The services impactes will be all the web forwarding addresses that are configured on our DNS.
No other service is currently at risk (DNS, Email, Hosting, SSL, are OK).
We ask that you refrain from contacting our support with questions concerning this, as they can only forward you to this message, which will be updated in real time. The saturation of our customer support will only degrade the situation, while not being able to give you any more information concerning the status of the situation than is on this page.
We apologize for the inconvienence, and assure you that we are doing everything possible to recover from this attack and return to our normal quality of operation.
update: we have put in place a solution that has allowed us to reduce the risk of service interruption. We are therefore lowering the alert level, but will continue to monitor the DDoS which is still underway.

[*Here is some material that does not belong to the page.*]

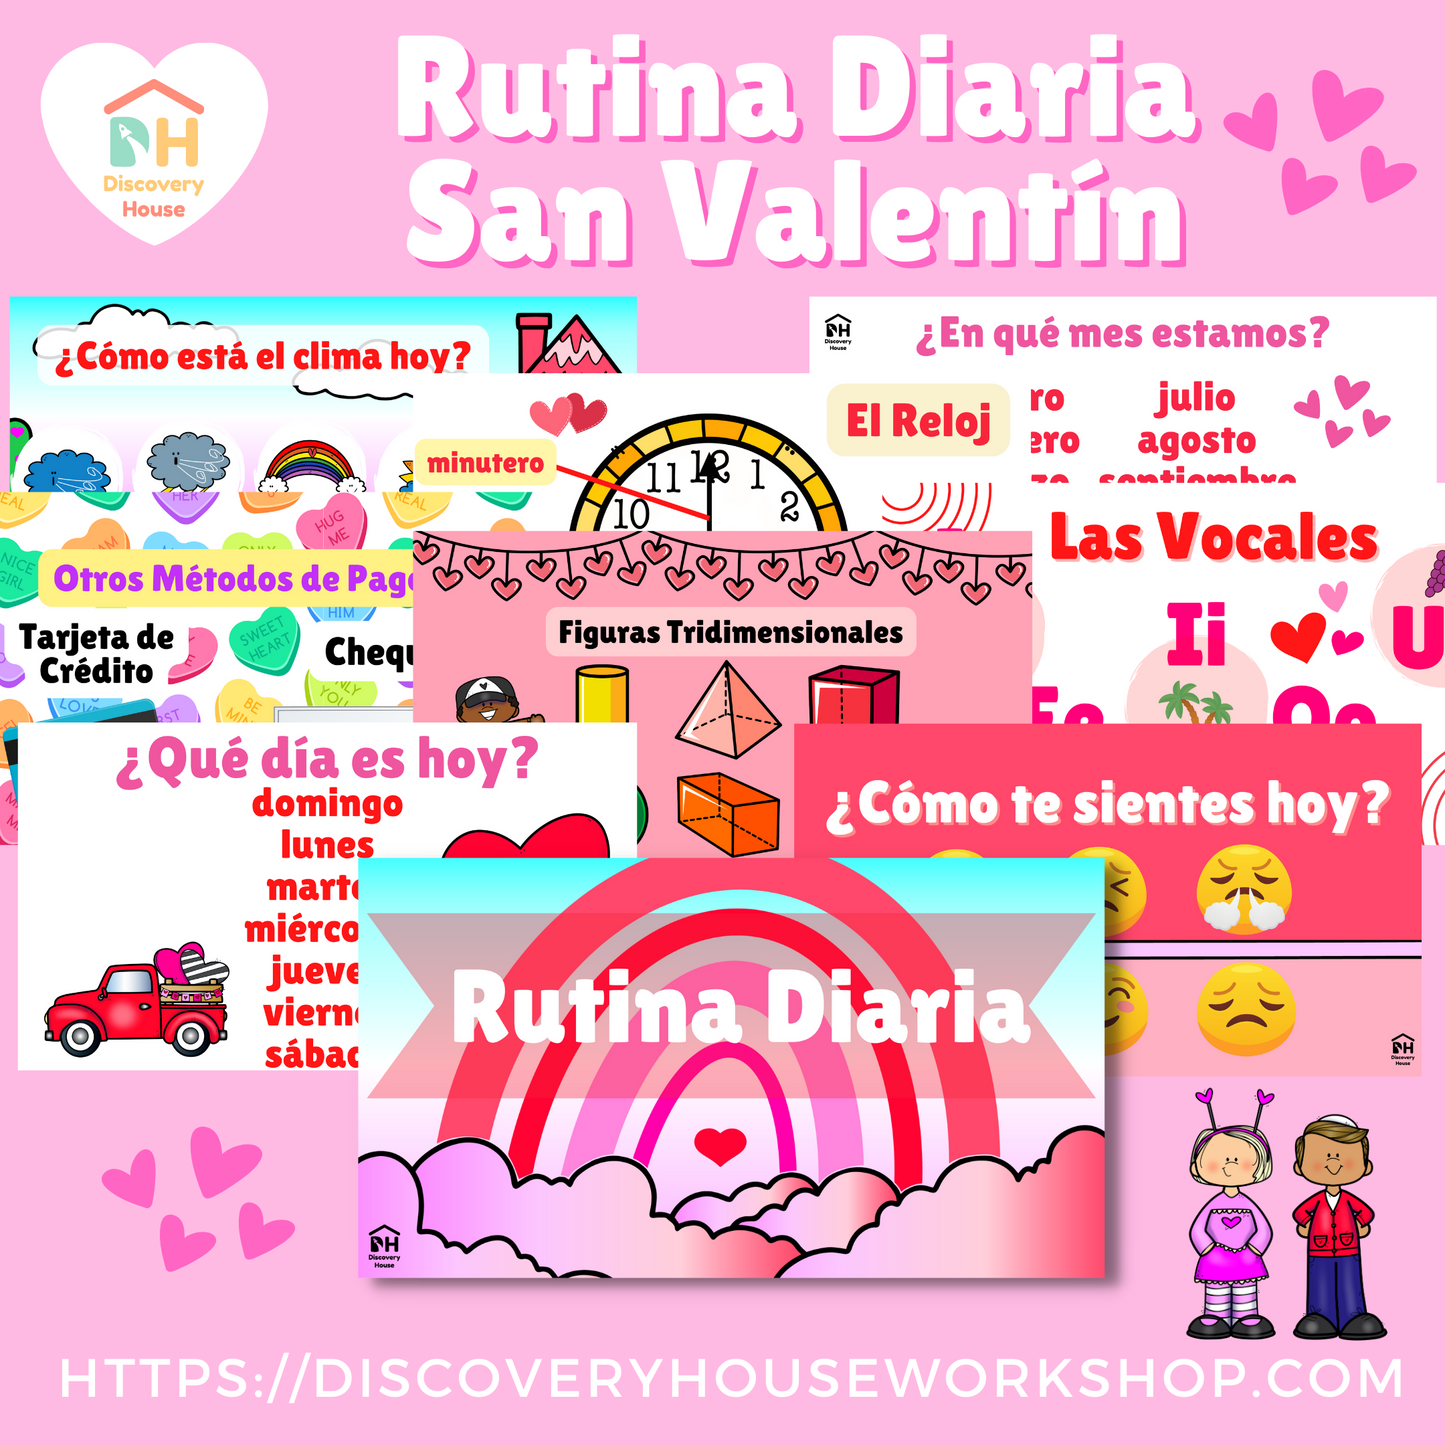 Rutina Diaria - San Valentín

A network problem is occuring on SimpleHosting since 16h30. Our teams are trying to resolve it as soon as possible. Don't restart your server if you seem impacted. We'll keep you posted about this problem.
Edit : after isolating a bogus element, everything is back to normal since 22h30.

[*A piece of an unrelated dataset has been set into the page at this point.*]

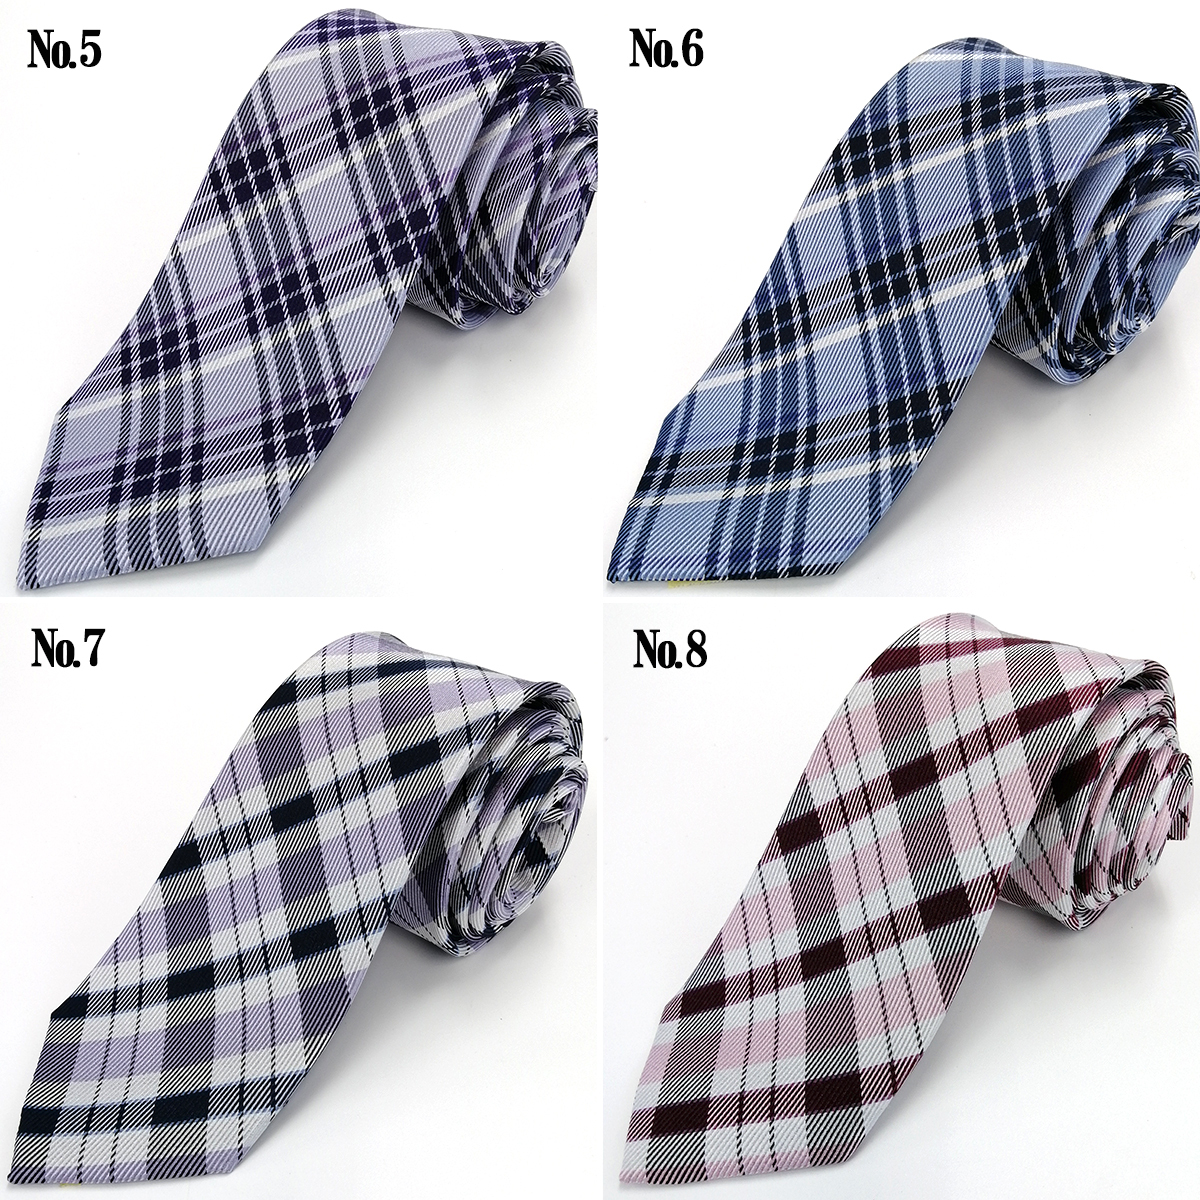  галстук можно выбрать шелк модный полоса маленький рисунок точка одноцветный проверка почтовая доставка бесплатная доставка

We have a temporary emergency halt on the hosting storage system (filers). We recommend that you do NOT attempt to restart your server. The impacted servers should recover in the next few minutes. We will update you with further information as soon as possible.

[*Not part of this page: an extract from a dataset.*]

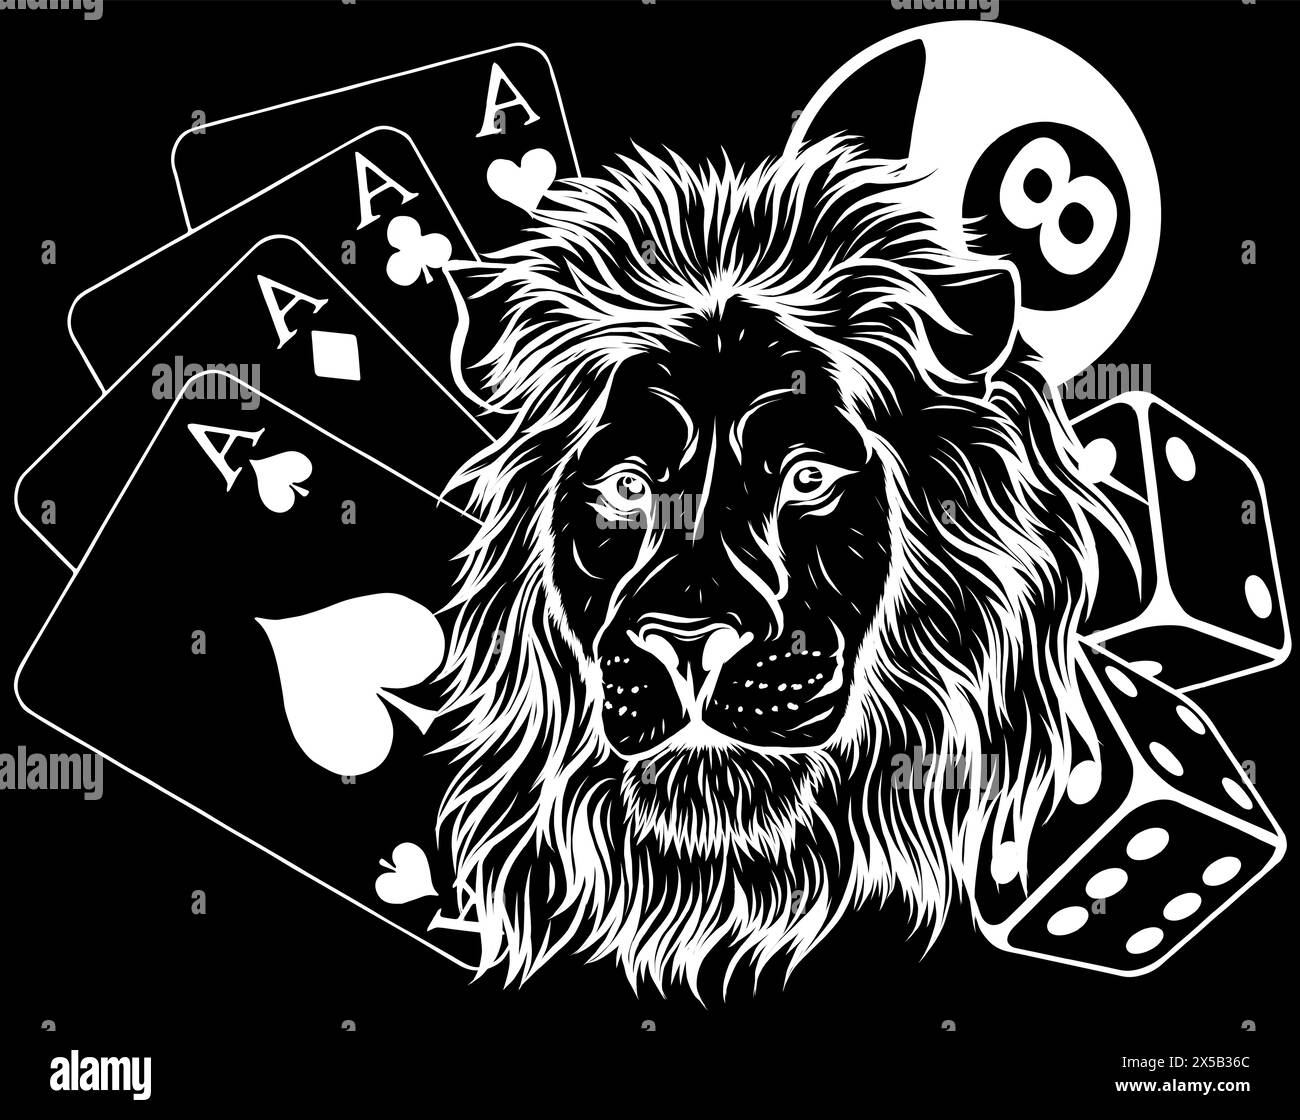 Weiße Silhouette des Lion Bet Casino-Logos auf schwarzem Hintergrund Vektor-Design Stock Vektor

[edit00:00]The services arefullyrestoredas of 21:20 CET. Most users were back to nominal function before 19:30,butsometook longerto start.Identifiable blocked systemswere managed and restarted manually.Pleaserestartyour servicesif theyare stillunavailable at this time,and contact supportif your serveris not available and cannot be restarted.
A storage unit is currently experiencing a slowdown. Our teams are currently working on a solution.
Update (09:45 GMT): The situation improved between 07:00 and 08:00 GMT. There were significant slowdowns between 05:00 and 06:50 GMT.
Update (January 25th 09:00 GMT): A storage equipment is currently experiencing slowdown. The incident is similar to the one yesterday. Our technical team is working on solving the issue.
Update (January 25th 10:00 GMT): The I/O situation improved. Our technical team is still working to find a complete fix to the issue.
Update (January 25th 10:22 GMT): A storage equipment is currently experiencing slowdown. The incident is similar to the one this morning. Our technical team is working on solving the issue.
Update (January 26th 11:26 GMT): The I/O situation improved. Our technical team is still working to find a complete fix to the issue.
Update (January 27th 19:11 GMT): A storage equipment is currently experiencing slowdown. The incident is similar to the incident of the week. Our technical team is working on solving the issue.
Update (January 27th 22:00 GMT): The I/O situation is now stabilized. Our technical team is still working to find a complete fix to the issue.
Update (February 2nd 03h30 GMT): Another incident affects one of our storage units. We're now rebooting the faulty equipment. We recently found a few corrective actions that we'll soon be able to take in order to solve this kind of issues.
Update (February 2nd 20:19 GMT): Another incident has occurred, and slowdown was noticed, however the situation is stable right now.
Update (February 6th 02:09 GMT): Slowdown on one of our storage units. Teams working on it.
Two storage units are concerned by these incidents, which are isolated slowdowns in read/write operations. We suspect that the problem is two-fold: a software problem (blocking of operations), and a hardware problem (some disk models are unusually slow).
When these slowdowns occur, the implementation of iSCSI that lets us connect your servers to their disks may be dysfunctional. The result is an "I/O wait" that is artificially high (100%) even if the storage is once again rapid.
We are currently working on these three problems by giving priority to the capacity of our system to re-establish service after a slowdown.